From a converted karate dojo above a Pittsburgh liquor store, Toby Rice, a self-described “shalennial” who runs one of America’s biggest energy companies, has a plan to fix global warming and soothe European anxieties over fuel supplies.

It involves lots more hydrocarbons — specifically, liquefied natural gas, the supercooled fuel that US companies have been sending in record volumes across the Atlantic as Europe tries to break Vladimir Putin’s energy chokehold.

The world needs more American fossil fuels, according to Rice. “Unleash US LNG,” reads the phrase on caps and shirts he hands to visitors stopping by the dojo.
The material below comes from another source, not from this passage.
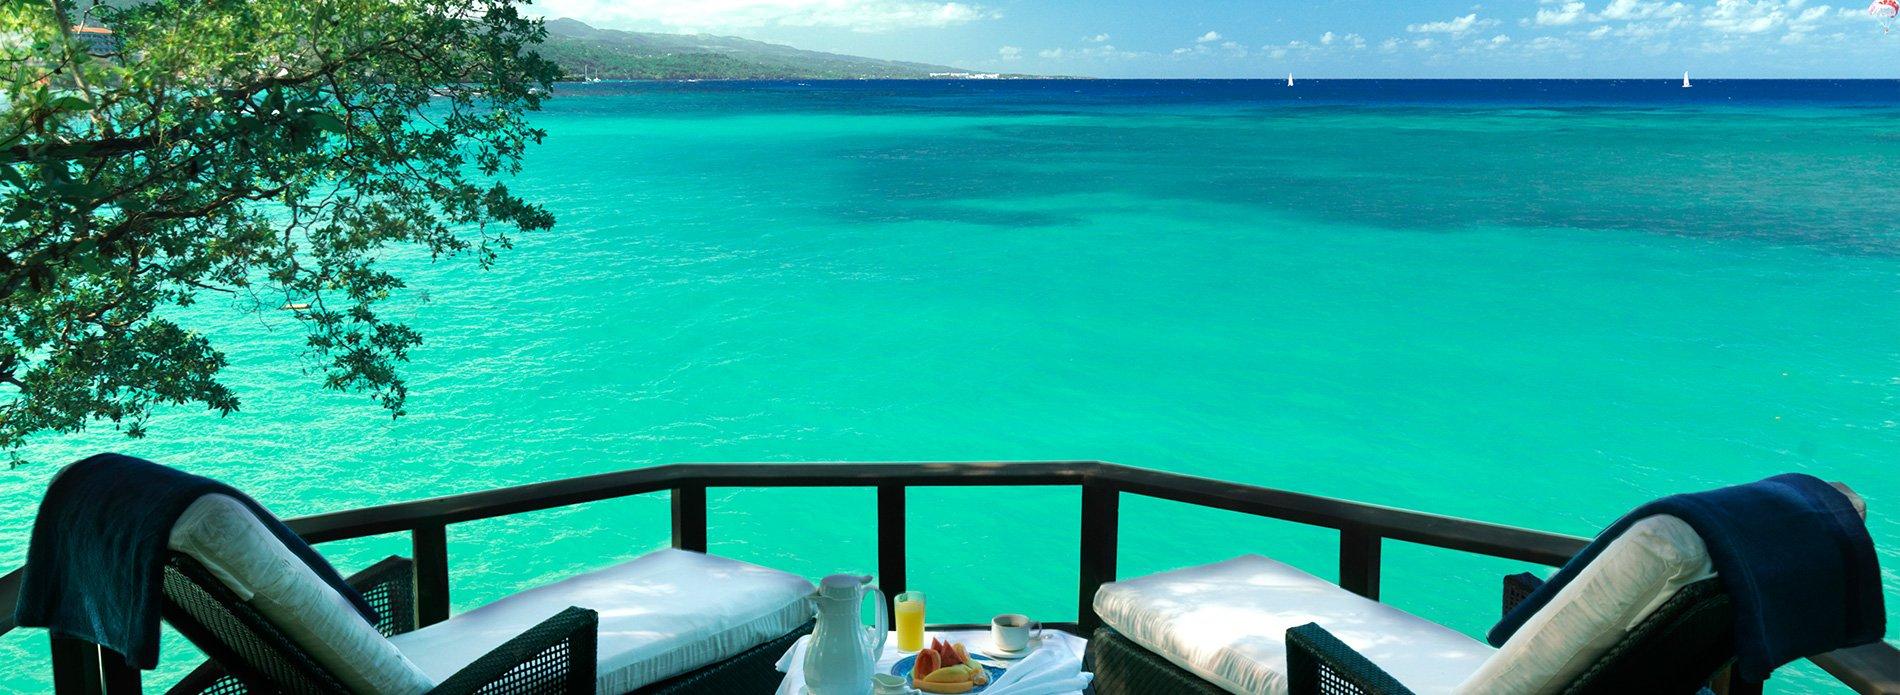 jamaica-inn-caribbean

He contends doing so would enable American gas to kill off foreign coal and slash global emissions.

“Sending US LNG to China and India is going to be the biggest decarbonising thing we can do as a country,” Rice said.

Climate campaigners are far from endorsing his strategy, but it has become an axiom for a shale energy patch that now treats the 40-year-old Bostonian as something like a folk hero.

Rice is chief executive of EQT, a 134-year-old company few people outside the US have heard of but which has become America’s largest natural gas producer, accounting for 5 per cent of the country’s total — more than ExxonMobil or Chevron.

He has run the company since 2019 when he and his brothers — whose Rice Energy was bought by EQT for $6.7bn in 2017 — won a proxy war to unseat the board.

EQT’s gas is fracked from shale rocks across the Utica and Marcellus formations of western Pennsylvania, Ohio and West Virginia — one of the most prolific hydrocarbon reservoirs in the world that lies beneath a region otherwise scarred by decades of industrial decline.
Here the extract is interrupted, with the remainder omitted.